◆ EXERCISE DESCRIPTION ◆
From the records below, transcribe exactly the lines that begin at the line with "Toasted Crumpet Wild" and end at the line with "Planet of the", both included.

◆ GIVEN RECORDS ◆
========
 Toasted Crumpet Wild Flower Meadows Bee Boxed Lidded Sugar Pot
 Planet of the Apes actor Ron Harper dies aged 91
========
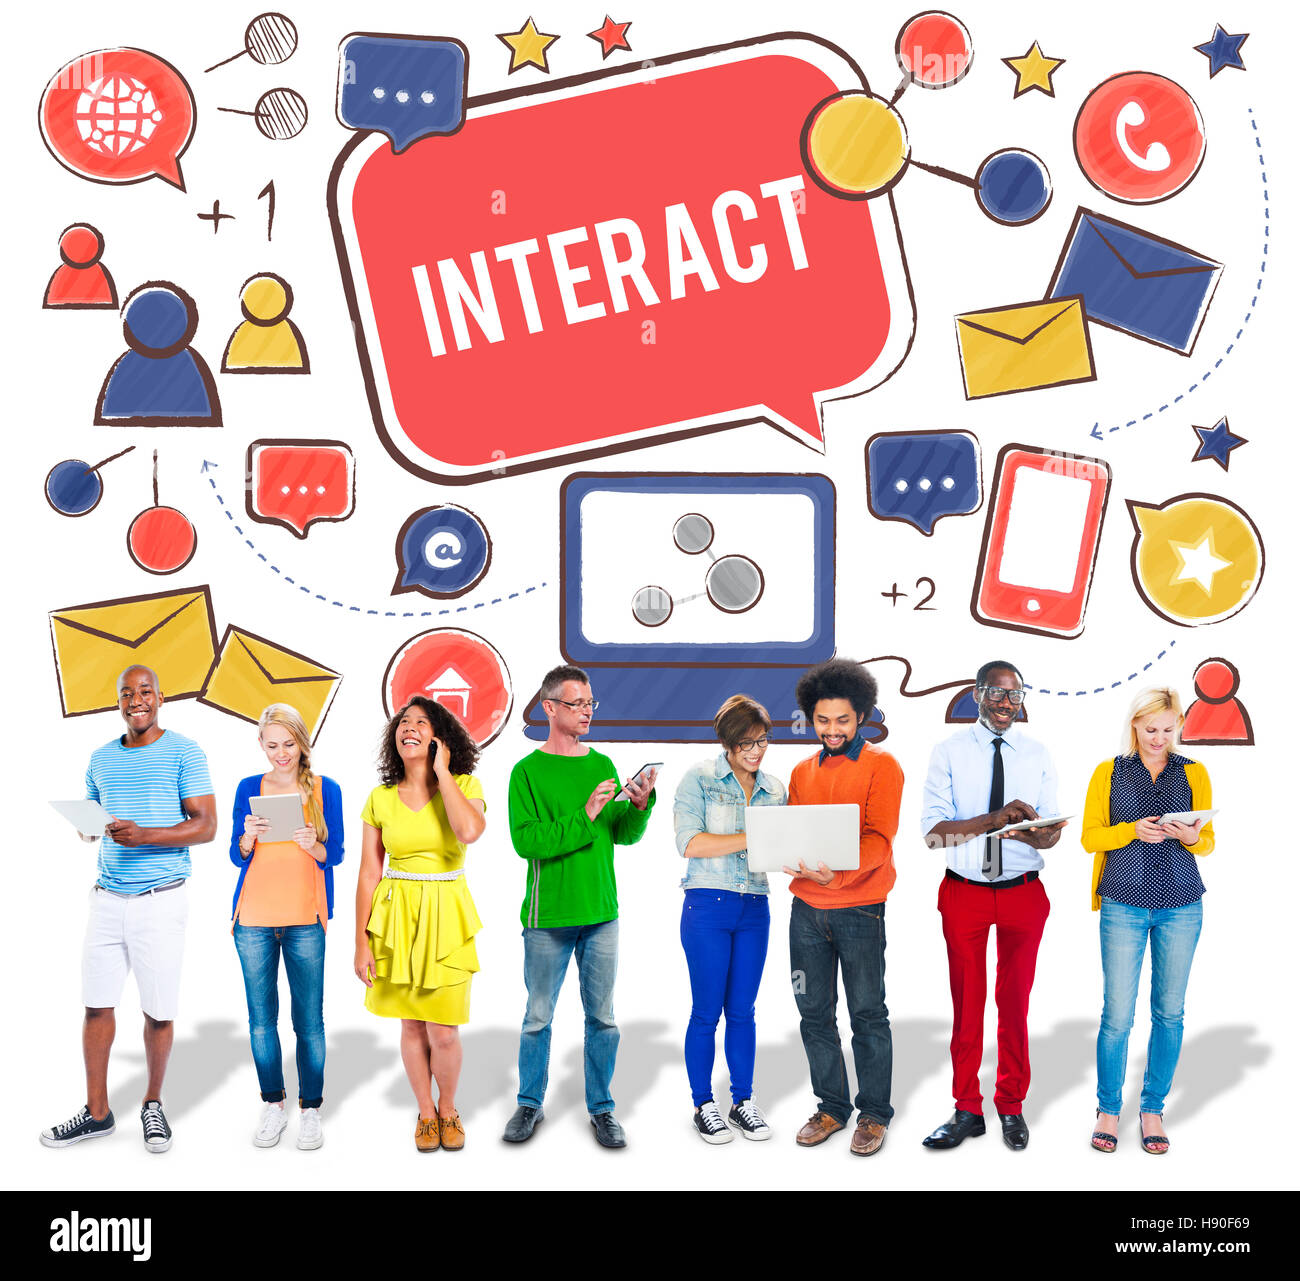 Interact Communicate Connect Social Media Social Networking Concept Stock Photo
========
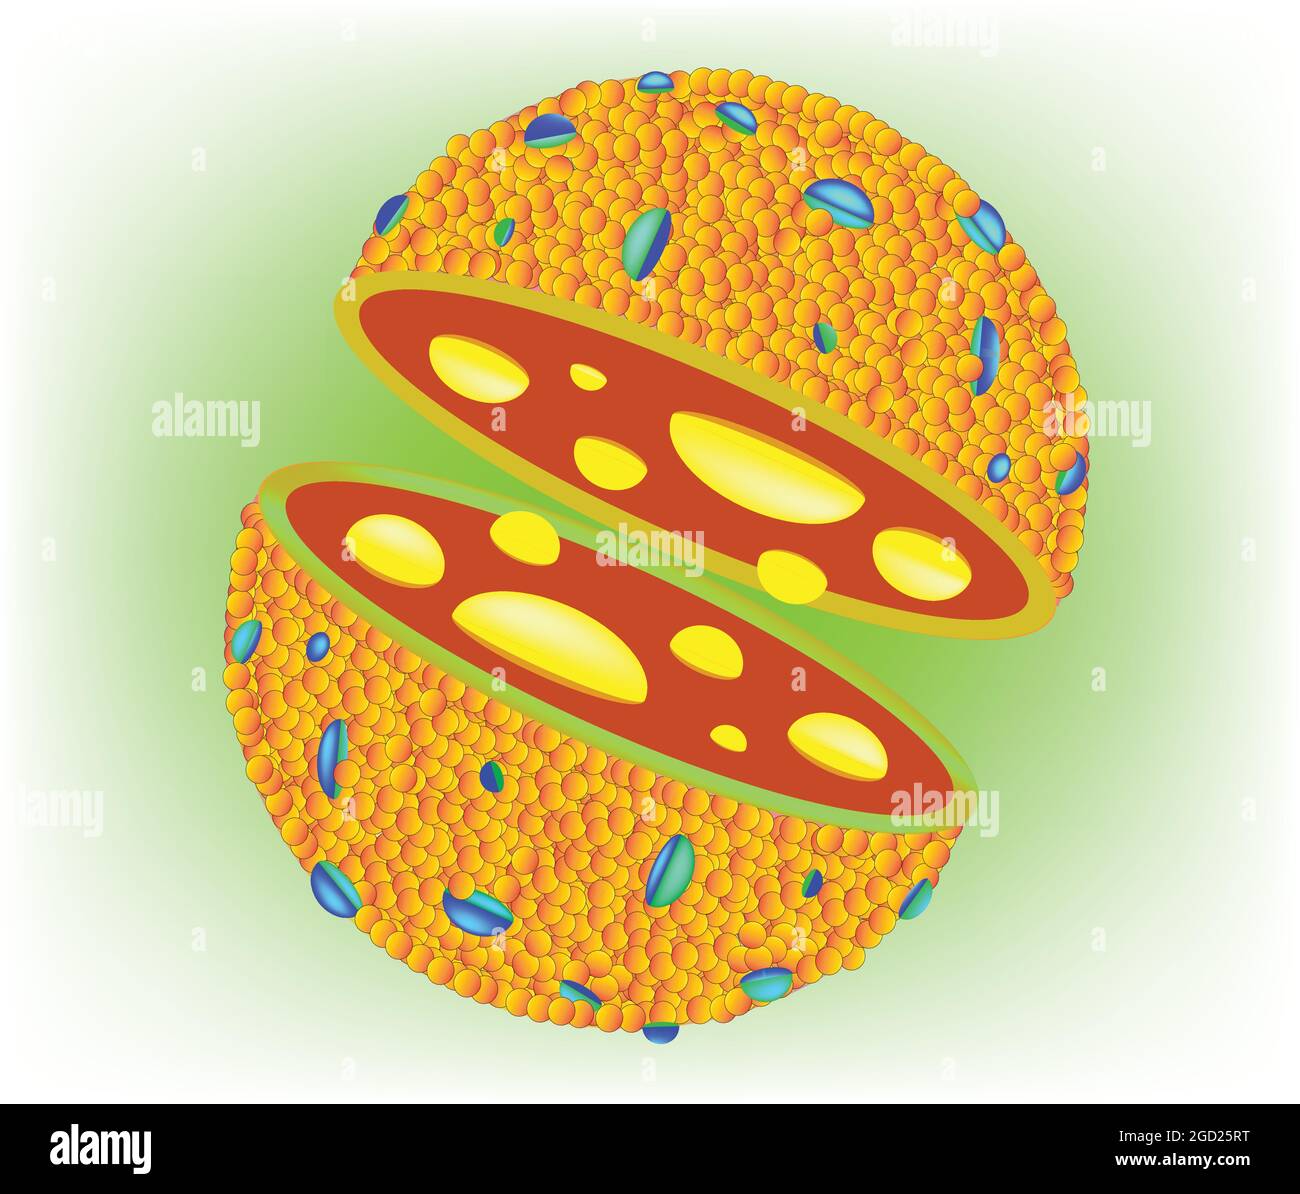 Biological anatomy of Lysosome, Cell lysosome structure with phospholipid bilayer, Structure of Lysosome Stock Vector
========
◆ RESULT FOR THIS EXERCISE ◆
 Toasted Crumpet Wild Flower Meadows Bee Boxed Lidded Sugar Pot
 Planet of the Apes actor Ron Harper dies aged 91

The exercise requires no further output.